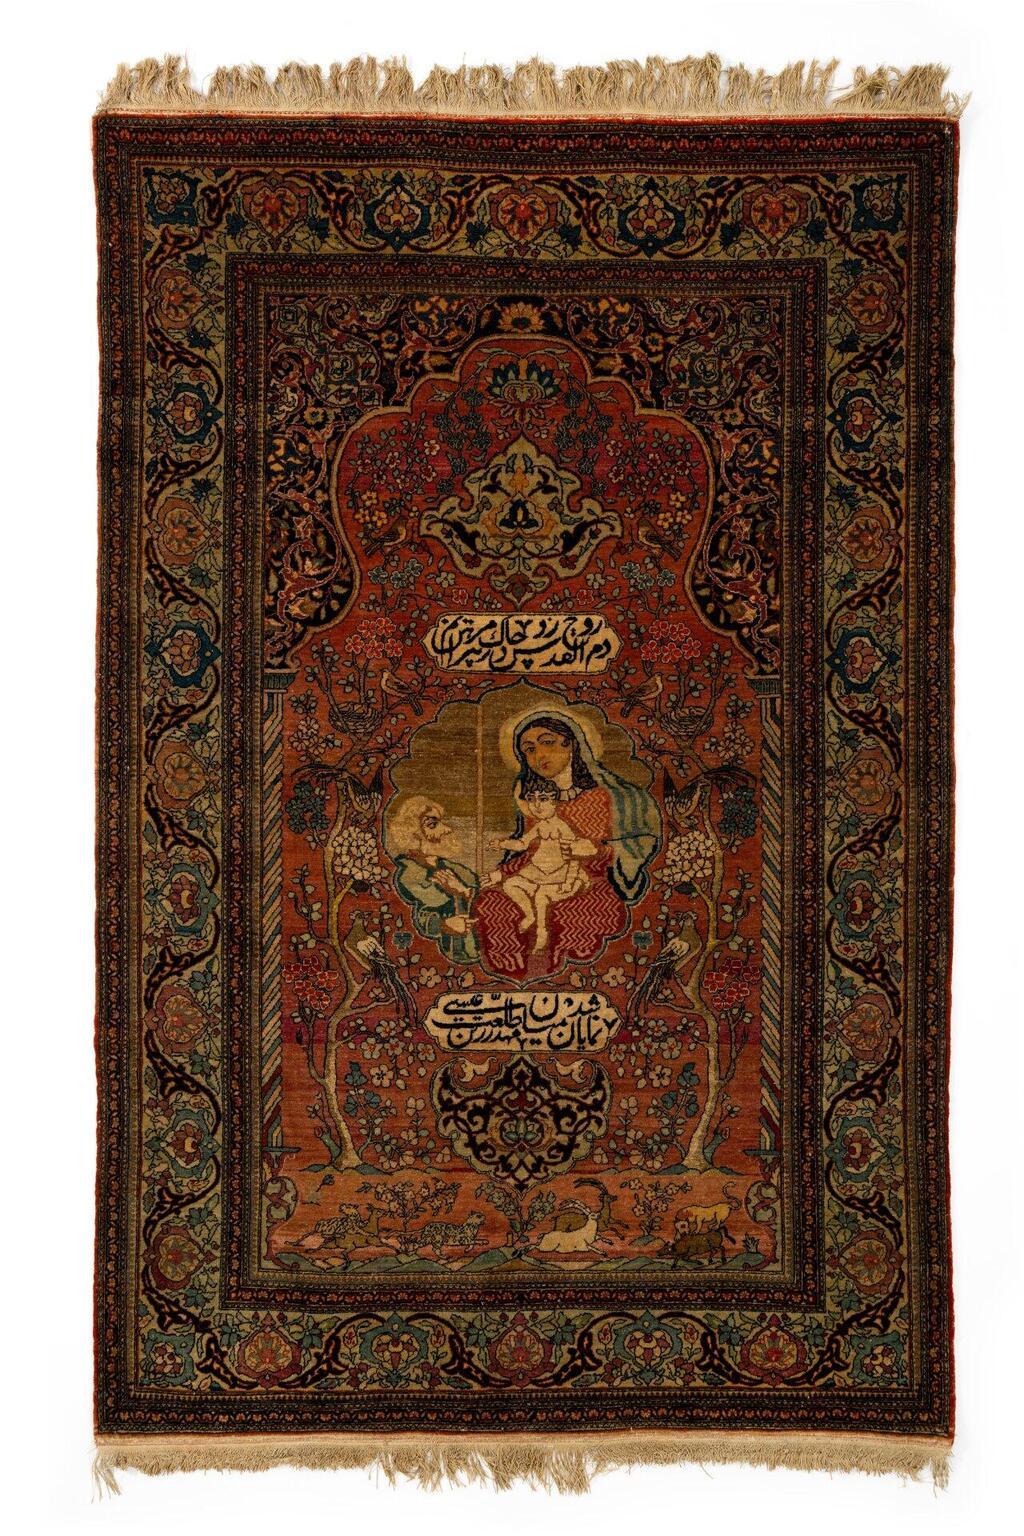 שטיח צמר בדגם שטיח תפילה עם מריה וישו. איספהאן, איראן, המאה ה-19. אוסף המוזיאון לאמנות האסלאם. 
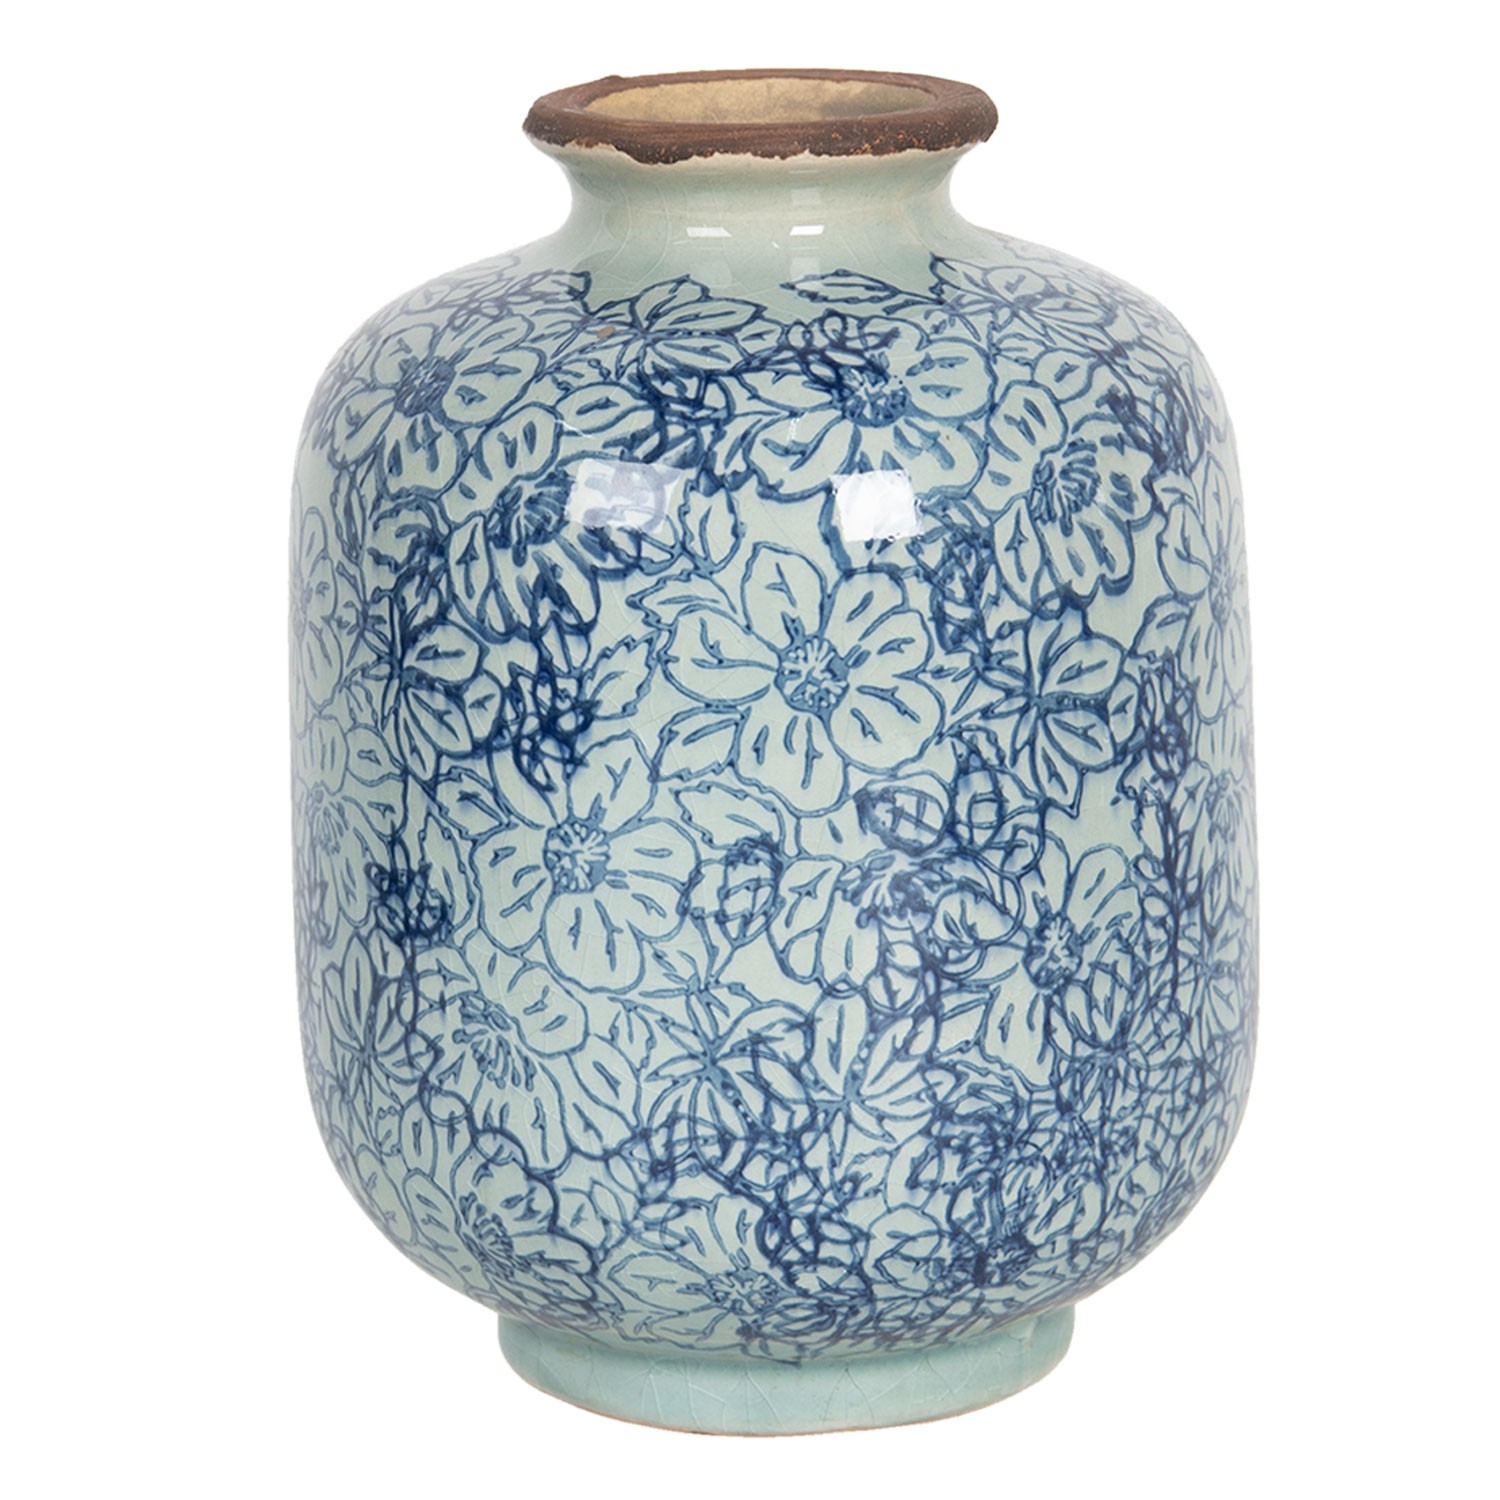 Keramická váza ve vintage stylu s modrými kvítky Bleues – Ø 10*15 cm  Clayre & Eef
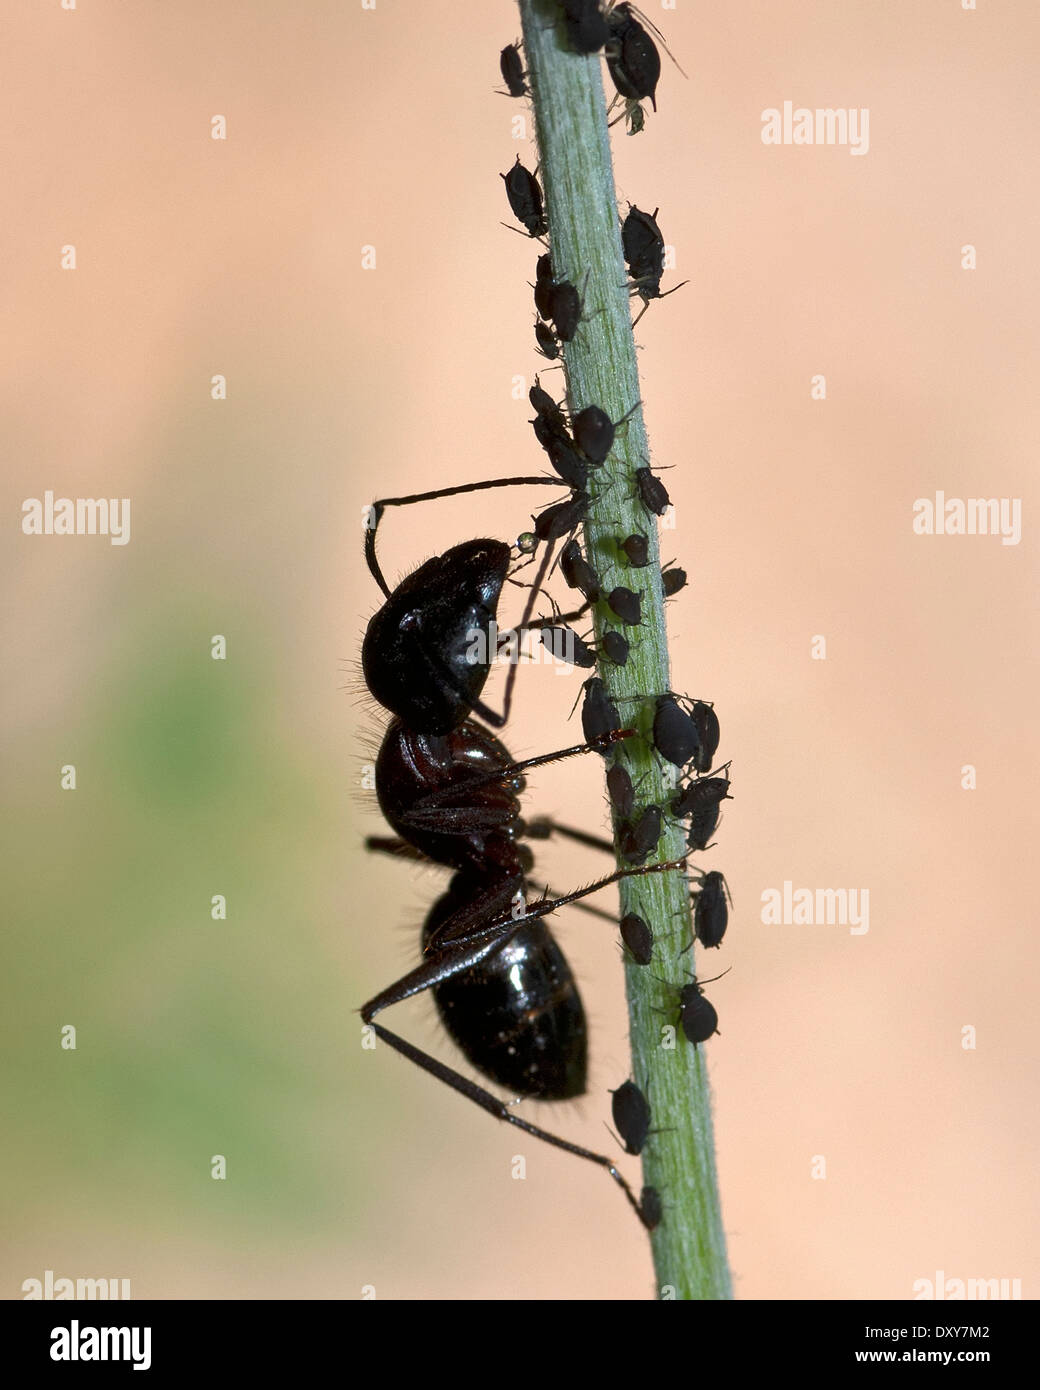 Ameise sammeln Honigtau aus einer Blattlaus Stockfoto
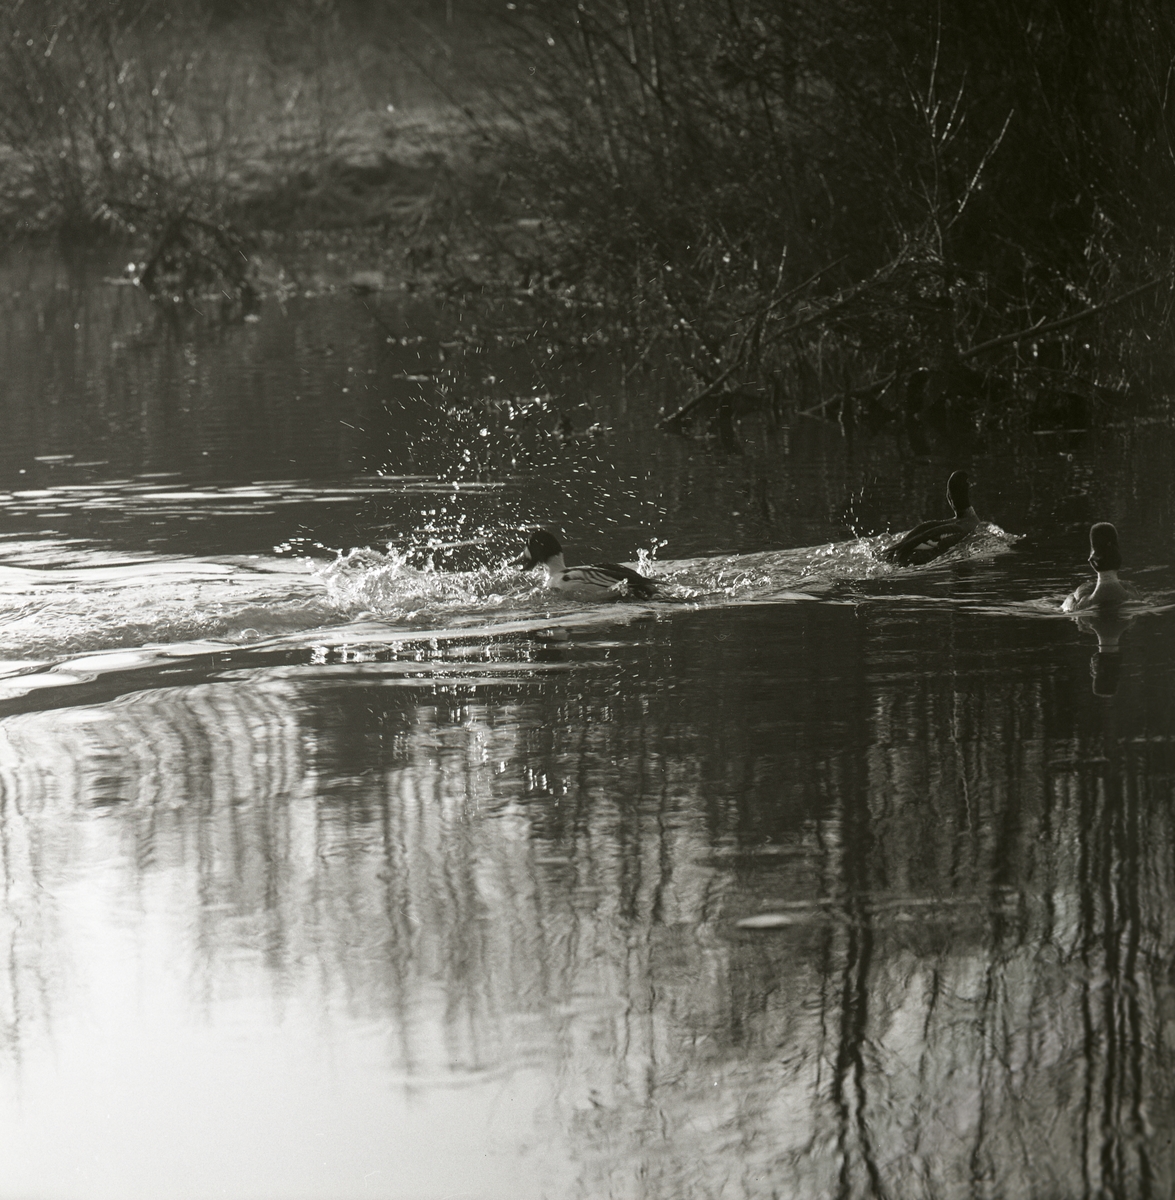 Tre knipor simmar i en vattensamling. Framför en av fåglarna skvätter vatten upp, maj 1963.

### Your objective
Transcribe the listing exactly; omit all images.

### Solution for this task
 שטיח צמר בדגם שטיח תפילה עם מריה וישו. איספהאן, איראן, המאה ה-19. אוסף המוזיאון לאמנות האסלאם. 
 Keramická váza ve vintage stylu s modrými kvítky Bleues – Ø 10*15 cm  Clayre & Eef
 Ameise sammeln Honigtau aus einer Blattlaus Stockfoto
 Tre knipor simmar i en vattensamling. Framför en av fåglarna skvätter vatten upp, maj 1963.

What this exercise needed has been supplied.